For Benjamin, "the only pleasure the melancholic permits himself, and it is a powerful one, is allegory" (p.185). This kind of melancholic is convinced that no aspect of the world can be delivered into a meaningful state by anything other than the messianic intervention. As such all earthly objects exist only for their contemplation, and all earthly action is doomed to be meaningless. Allegories prove amenable to this state of mind by gesturing towards the meaning that will unify and make sense of all the individual parts of the allegory, whilst ensuring that this meaning never actually arrives, that the separate components retain enough autonomy to provide a fecund sense of possibility: contemplation is thus given the time and space to roll around and make its own pleasures of deferral. Danny Hayward may not be a melancholic, perhaps instead a thinker thinker, concerned with trying and destroying the lazy thoughts that conceal the nature of class struggle today. Other texts from the same source suggest a capacity for maintaining sceptical thought to the crucial moment where it becomes genuinely insightful, as in the conclusion of 'Adventures in the Sausage Factory: A Cursory Overview of UK University Struggles, November 2010 - July 2011' (online at http://www.metamute.org/editorial/articles/adventures-sausage-factory-cursory-overview-uk-university-struggles-november-2010-%E2%80%93-july-2011 ), where the true potential of the student protests of that period is seen to rest in what was offered to working class teenagers: "a material setting in which working class students could partake in aggressive and confrontational collective action in conditions of relative security". The analytic rigour that leads up to this position is observeable in Pragmatic Sanction's continual control over its syntax and narrative: however expansive these things get, at no point do they stop making sense.

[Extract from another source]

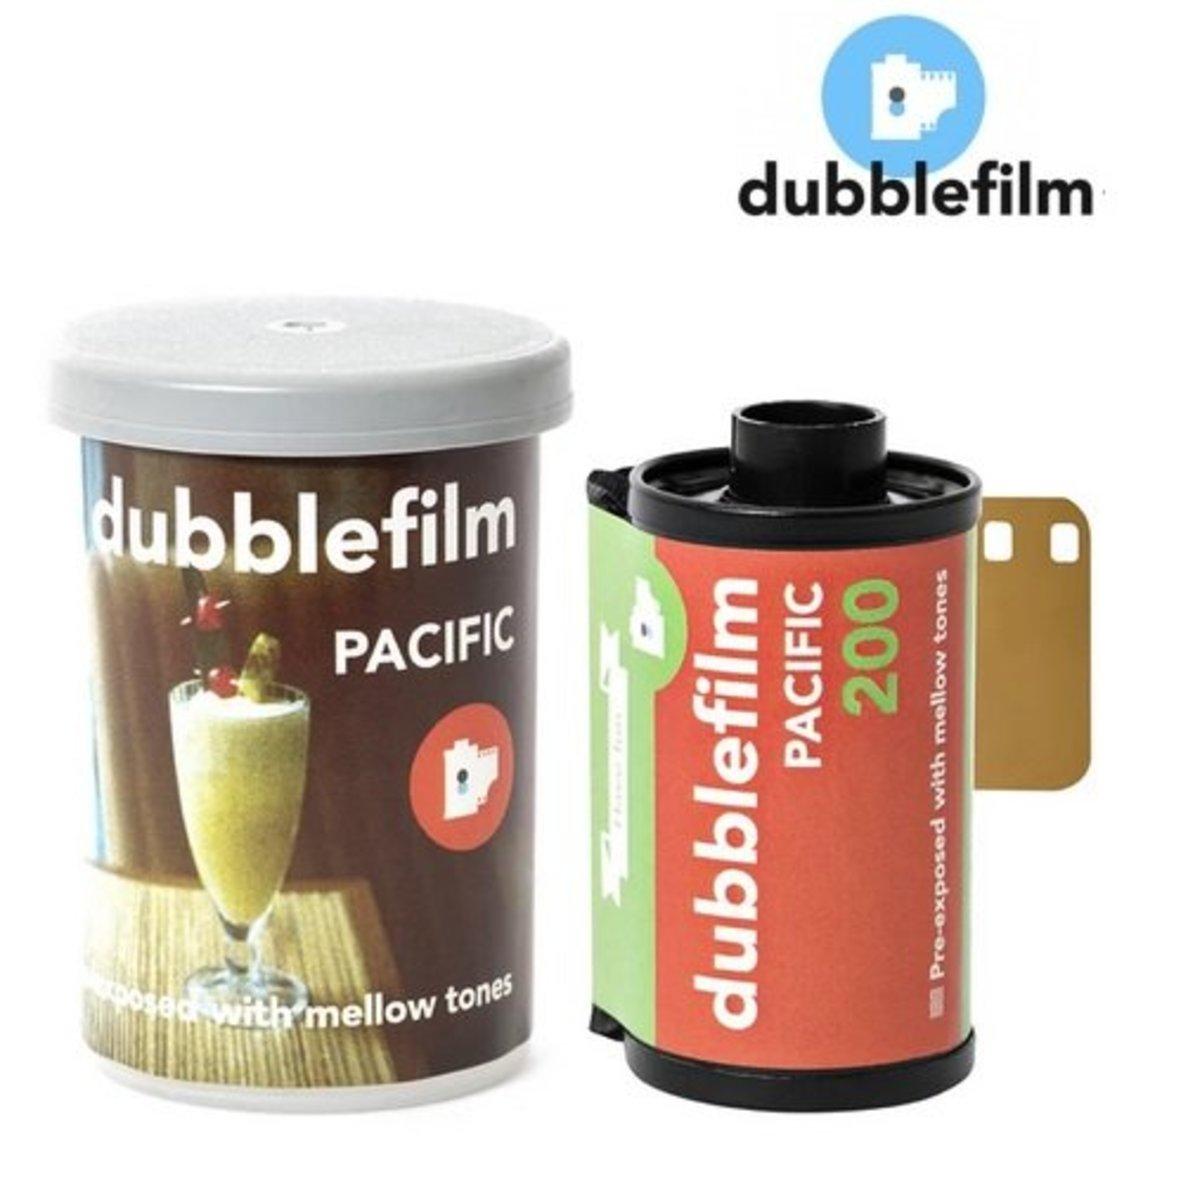 人手捲製 – 新版 dubblefilm PACIFIC  200 ISO 35mm 偏色電影菲林 (36exp)
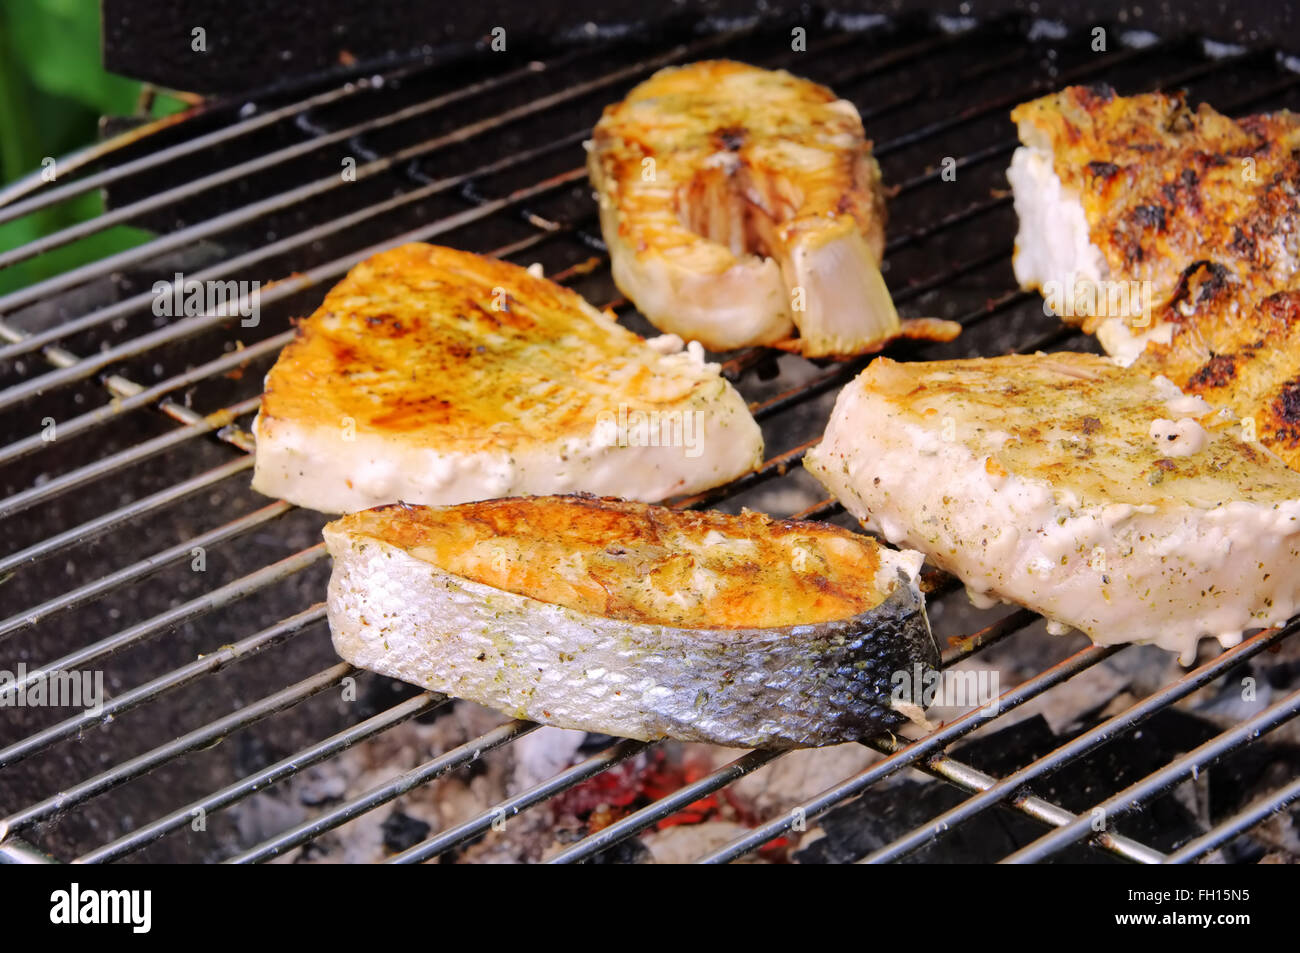 Grillen Fischsteak - grilling steak from fish 09 - Stock Image

Ultimately, it is with the 'theoretically wrong' conclusion that Hayward comes closest to the stance of a melancholic:

"everyone who I have ever known who has been hurt has been a greater person than everyone who I have ever known who has not been, and this is for each of you who I hope will understand I have nothing to give but the life I have stolen into."

Arriving at a theoretically wrong conclusion feels like an accomplishment in the context of Hayward's previous logical and technical accomplishments. The question of hurt gestures towards the idea of consolation, of making life liveable, whatever ongoing injustice. In the context of Pragmatic Sanction, this sentiment does not feel evasive, even as it comes close to suggesting that disengaging from struggle entirely is a valid, even necessary, option ("...this is a story about living in a class society where the real answer to despair is to see that their system can't contain us"). Instead, it presents a foundational moment of contradiction where the impulse to radically change the lived experience of reality recognises itself in the impulse to be able to endure lived reality. Whether this is the recognition of a historical moment that comes after a brief window of passionately felt revolutionary potential, this feels like a new place to work from.